You are viewing a plain text version of this content. The canonical link for it is here.
Posted to issues-all@impala.apache.org by "Vincent Tran (Jira)" <ji...@apache.org> on 2020/08/25 19:30:00 UTC
[jira] [Commented] (IMPALA-7876) COMPUTE STATS TABLESAMPLE is not
updating number of estimated rows
[ https://issues.apache.org/jira/browse/IMPALA-7876?page=com.atlassian.jira.plugin.system.issuetabpanels:comment-tabpanel&focusedCommentId=17184697#comment-17184697 ]
Vincent Tran commented on IMPALA-7876:
--------------------------------------
I can reproduce this on ~ 3.2.0. I think this may be unrelated to the width of the table.
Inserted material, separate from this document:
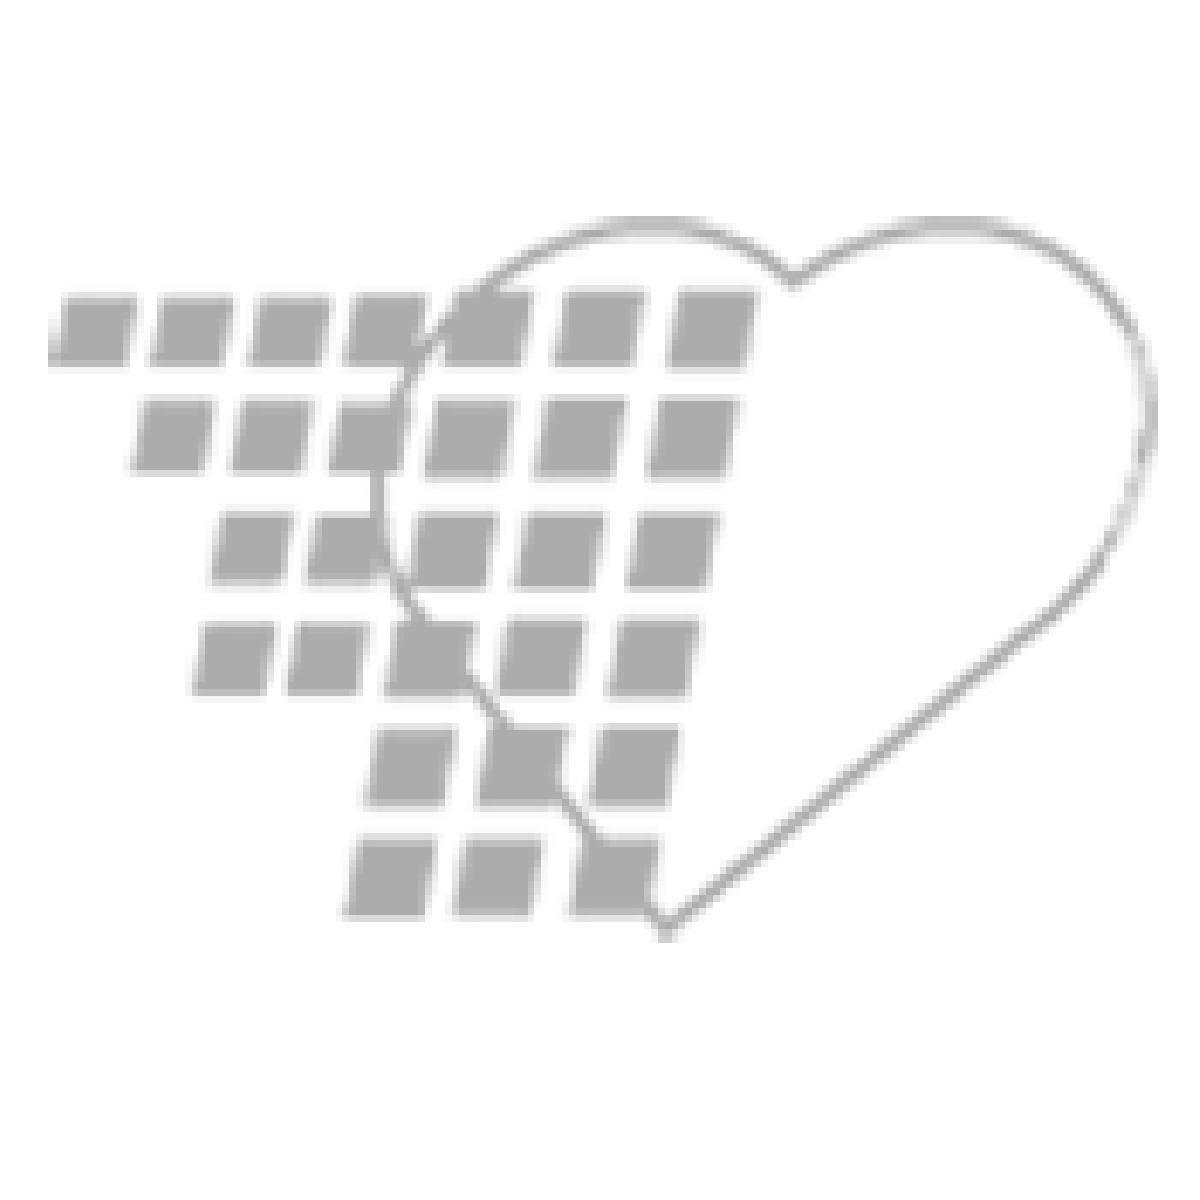 06-93-0086 - Demo Dose® Lisinoprl 10 mg - 1000 Pills/Jar

The specs for my table is below:
{noformat}
default> show create table one_gram_p;
Query: show create table one_gram_p
CREATE TABLE default.one_gram_p (
ngram STRING,
match_count INT,
volume_count INT
)
PARTITIONED BY (
year STRING
)
STORED AS TEXTFILE
LOCATION 'hdfs:////user/hive/warehouse/one_gram_p'
TBLPROPERTIES ('DO_NOT_UPDATE_STATS'='true', 'STATS_GENERATED'='TASK', 'impala.enable.stats.extrapolation'='true', 'impala.lastComputeStatsTime'='1598383227', 'numRows'='1430731493', 'totalSize'='22081529047')
{noformat}
I need to check against the master branch next.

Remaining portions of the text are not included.